- Seated in Muktasana, a yoga pose
- Born: 8 May 1944 London, England
- Died: 4 May 1992 (aged 47) Edenhall, Cumbria, England
- Known for: Books and television programmes on yoga

= Lyn Marshall =

British yoga teacher (1944–1992)

Lyn Marshall (8 May 1944 – 4 May 1992), was a British yoga teacher, broadcaster, writer, model, ballerina, and actress. She was one of the first presenters of British yoga television programmes in the 1970s and 1980s, with Wake up with Yoga and Keep up with Yoga on ITV's London Weekend Television and Everyday Yoga on the BBC. She wrote books that accompanied each series.
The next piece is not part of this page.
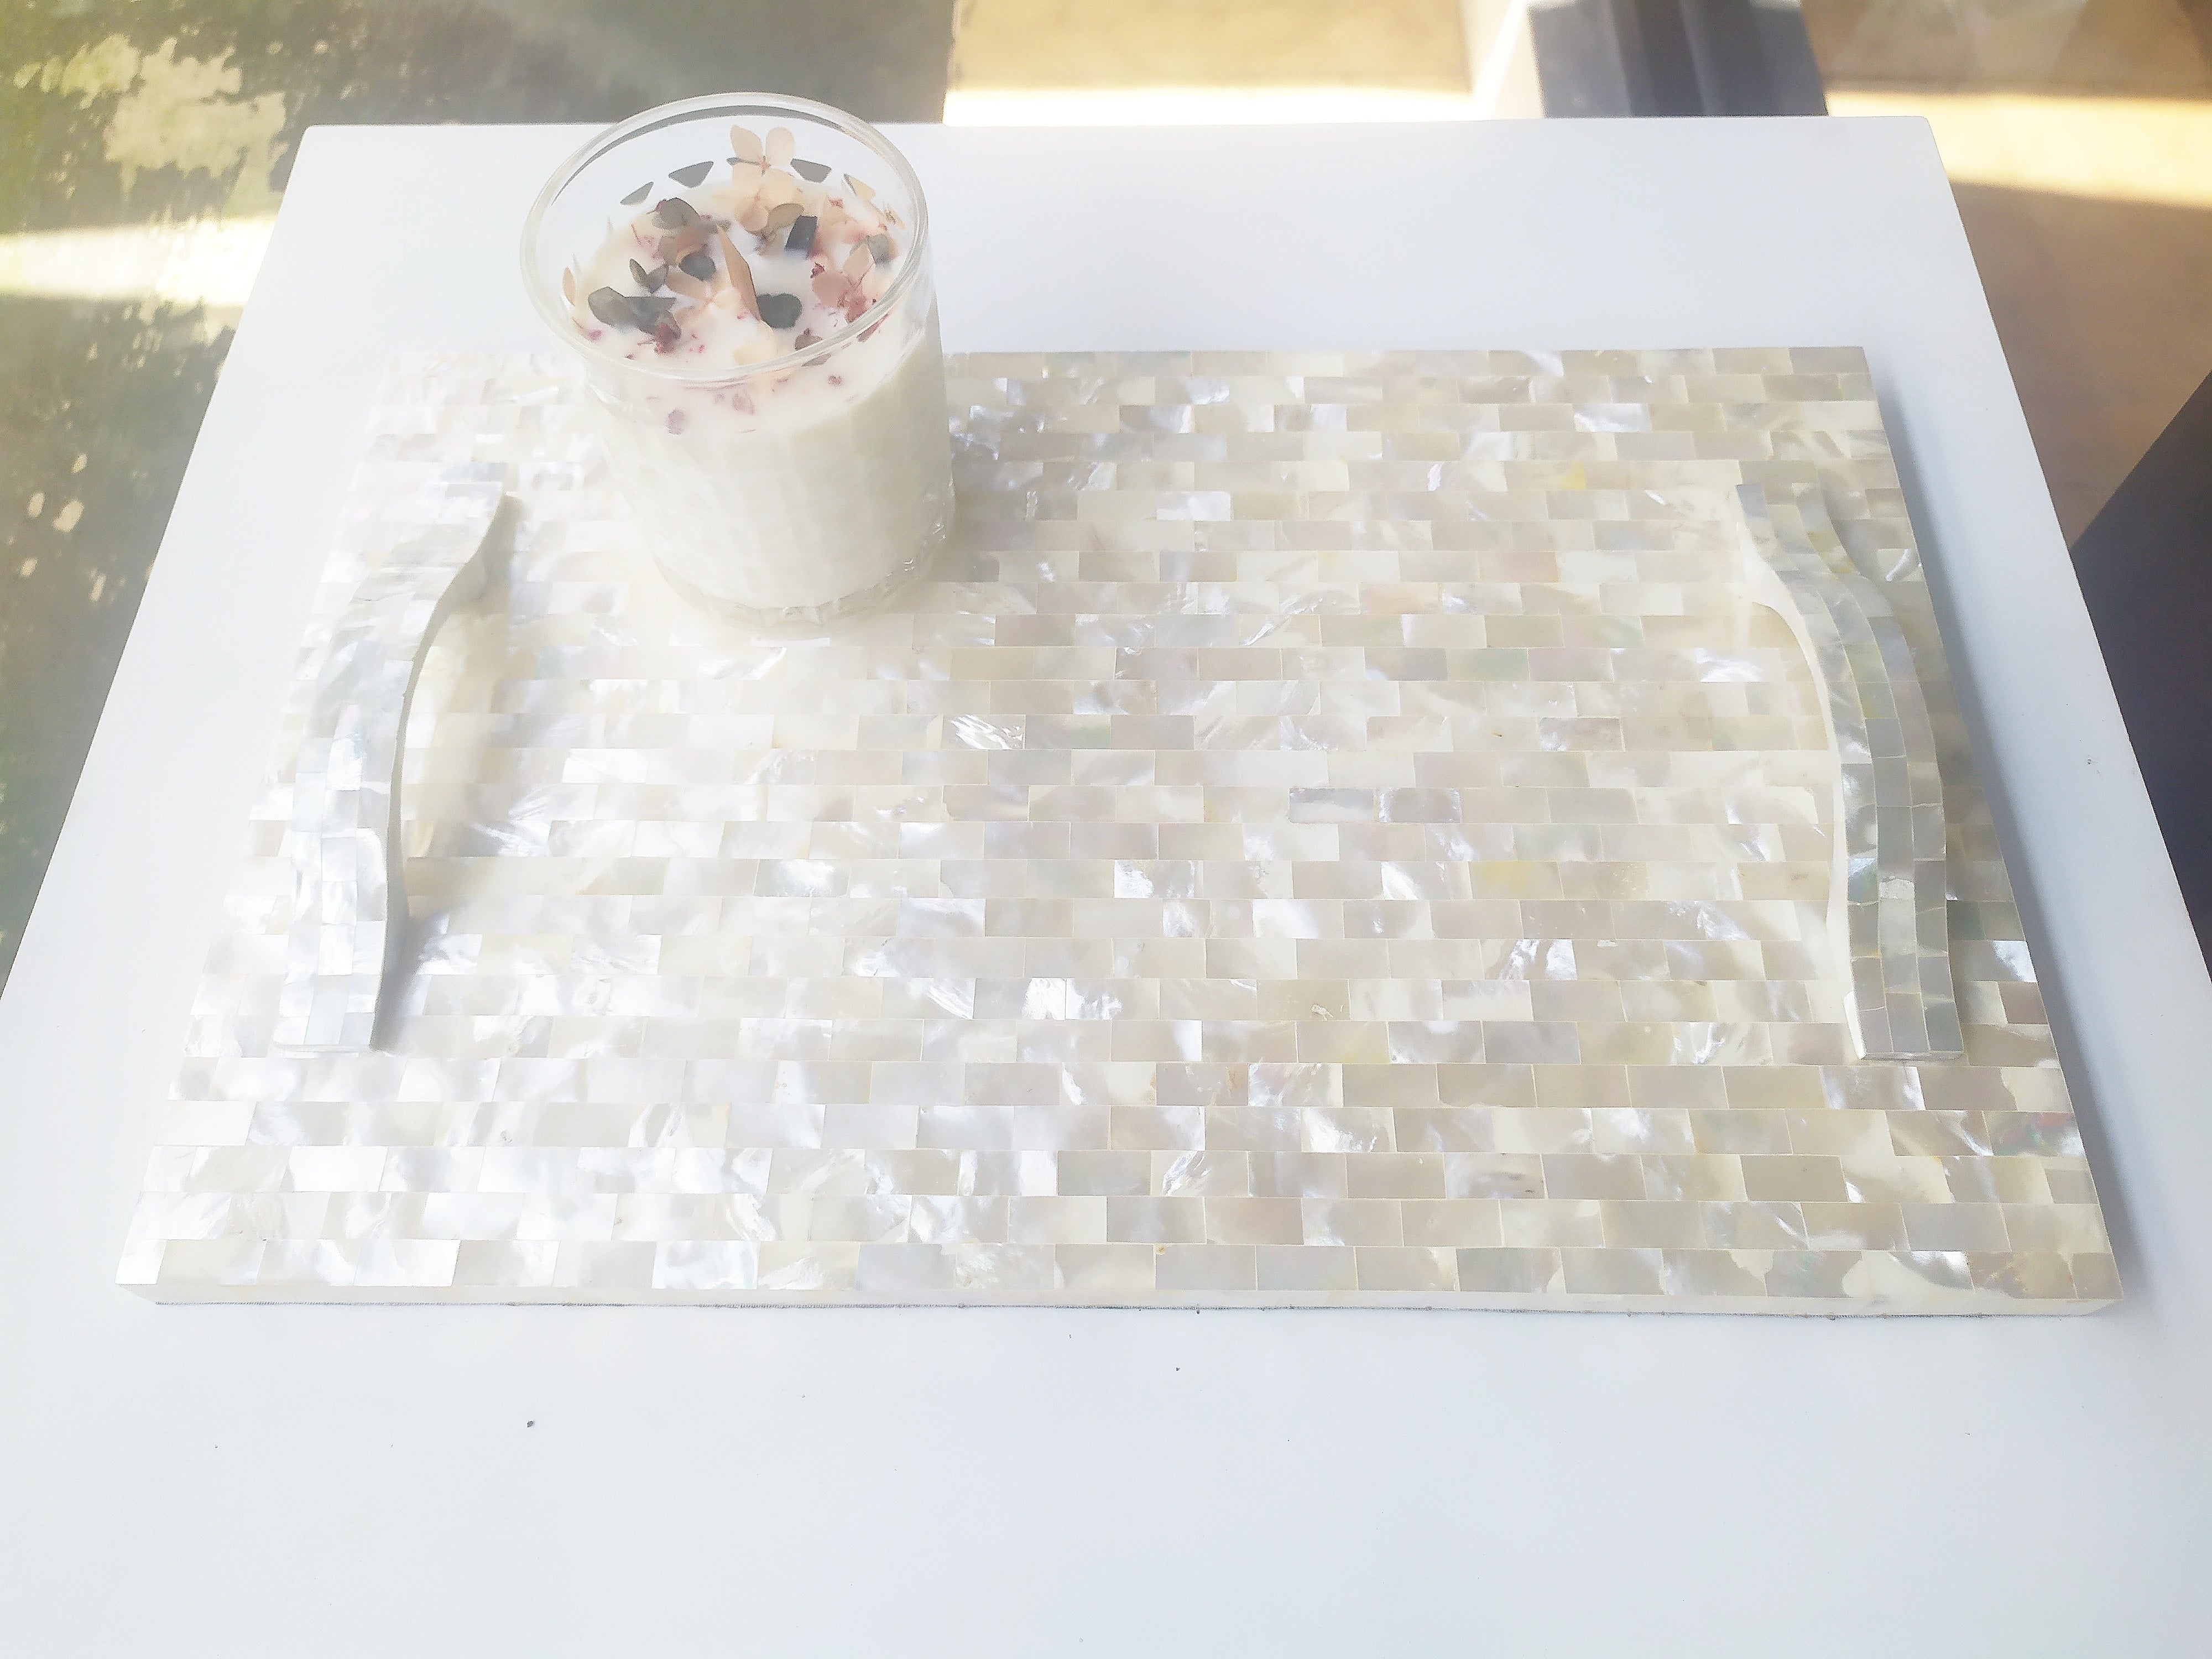 Mother of Pearl Square Decorative Tray - Pearl White Tray with Mother of Pearl Bridge Bow Handles

Marshall died of brain cancer on 4 May 1992, at age 47.

==Filmography==
===Television===
- Yoga for Health with Richard Hittleman
- Wake up with Yoga (London Weekend Television (LWT)) (1976)
- Keep up with Yoga (LWT) (1976)
- Celebrity Squares (Associated Television (ATV) (18 December 1976)
- Everyday Yoga (BBC One) (1983)
- Instant Stress Cure (1988)

===Film===
- Up Pompeii (1971)

==Bibliography==
- Wake Up to Yoga ISBN 978-0706350777 (1975)
- Keep Up with Yoga ISBN 978-0706352368
- Yoga for Your Children ISBN 978-0706357783
- Everyday Yoga ISBN 978-0563165569
- Instant Stress Cure: Immediate Relief from Everyday Stress Problems ISBN 978-0091771201
- Yogacise ISBN 978-0563362791

==Discography==

- Lyn Marshall's Yoga (1975)
- Lyn Marshall's Yoga vol.2 (1975)
- Lyn Marshall's Everyday Yoga (1983)

===As featured artist===
- Parasympathetic (from Neon Savage EP) Fil OK (2013)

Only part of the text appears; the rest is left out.